The heavy components in the petroleum mixtures have the strongest effect on fluid characteristics. Normally, laboratory tests combine the heavy components as a "heptanes-plus" fraction. Fig. 1 illustrates the effect of this heavy fraction on the most important of the fluid-type indicators: the initial producing GOR. Black oils, represented at the lower right end of the graph, have the lowest initial GOR's and the highest concentrations of heavy components. Dry gases are located at the upper left of the graph. The other fluids exist in a continuum between these two. The GOR's in Fig. 1 are not normalized to any standard surface facilities or standard operating conditions; nonetheless, the graph is an aid in understanding the differences among the five fluids.

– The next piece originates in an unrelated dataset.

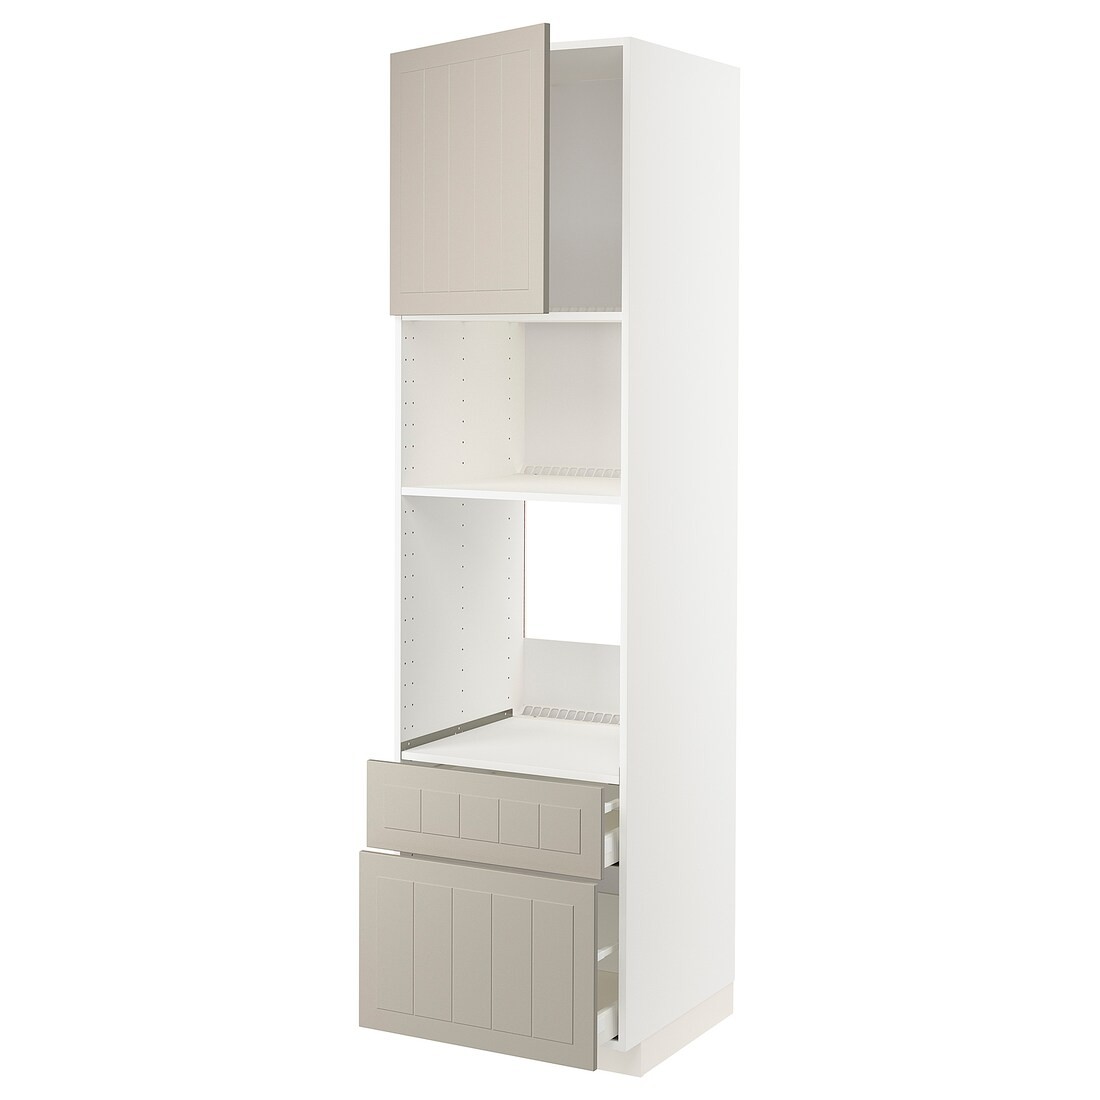 IKEA METOD МЕТОД / MAXIMERA МАКСИМЕРА Высокий шкаф для духовки / микроволновки с дверями / 2 ящиками, белый / Stensund бежевый, 60x60x220 см 99456307 | 994.563.07

Black oils and volatile oils both are liquids in the reservoir, both exhibit bubblepoints as reservoir pressure is decreased during production, and both release gas in the reservoir pore space at pressures below the bubblepoint. However, there is a good reason for classifying them separately. The "oil material-balance equations," which are used for black oils, will give incorrect results for volatile oils; the behavior of volatile oils does not fit the assumptions inherent in derivation of these equations.
The gas that comes out of solution in the reservoir from a black oil below its bubblepoint is usually a dry gas. As this free gas is produced, it remains a gas as pressure and temperature are reduced to separator conditions. As reservoir pressure decreases, the gas leaving solution becomes richer in intermediate components, and the gas could become a wet gas. However, this occurs late in the life of the reservoir and has little effect on ultimate production.
The gas that comes out of solution in the reservoir from a volatile oil is normally a retrograde gas. This free gas will exhibit retrograde behavior in the reservoir and when produced will release a large amount of condensate at surface conditions. The quantity of condensate released from the free gas associated with a volatile oil is significant; often more than one-half the stock-tank liquid produced during the life of a volatile oil reservoir left the reservoir as free gas.
Thus, the important difference between black oils and volatile oils is that the solution gases from black oils remain solely in the gas phase as they move through the reservoir, the tubulars, and the separator; the solution gases from volatile oils are rich and lose condensate in the separator. One assumption inherent in the derivation of classic material-balance equations is that the free gas in the reservoir remains as gas through the separator.
The material-balance equations treat a multicomponent black-oil mixture as a two-component mixture: gas and oil. Reservoir engineering calculations for volatile oils must treat the mixture as a multicomponent mixture so that the total composition of the production stream is known and separator calculations (which require knowledge of composition) can be performed to determine the amounts of liquid and gas at the surface.
Special laboratory procedures can predict the recovery of volatile oils under depletion drive; however, these are somewhat difficult to analyze. Above the bubblepoint, the undersaturated-black-oil material-balance equation can be used for volatile oils. Below the bubblepoint, compositional material-balance calculations normally are required, either with K factors or equations-of-state (EOS). The special laboratory procedures mentioned above help in deriving the K factors or "tuning" the EOS.
Examination of hundreds of laboratory studies indicates that one should suspect the presence of a volatile oil whenever the initial producing GOR exceeds about 1,750 scf/STB, especially if the stock-tank oil gravity is high. Another indicator of volatile oil is a stock-tank oil gravity exceeding 40 API with some color: brown, reddish, orange, even green. If the oil FVF at the bubblepoint is measured in the laboratory, a value of 2.0 RB/STB or greater is expected for a volatile oil.
The data in Fig. 2 (a subset of the data in Fig. 1) illustrate the differences in composition between volatile oils and black oils.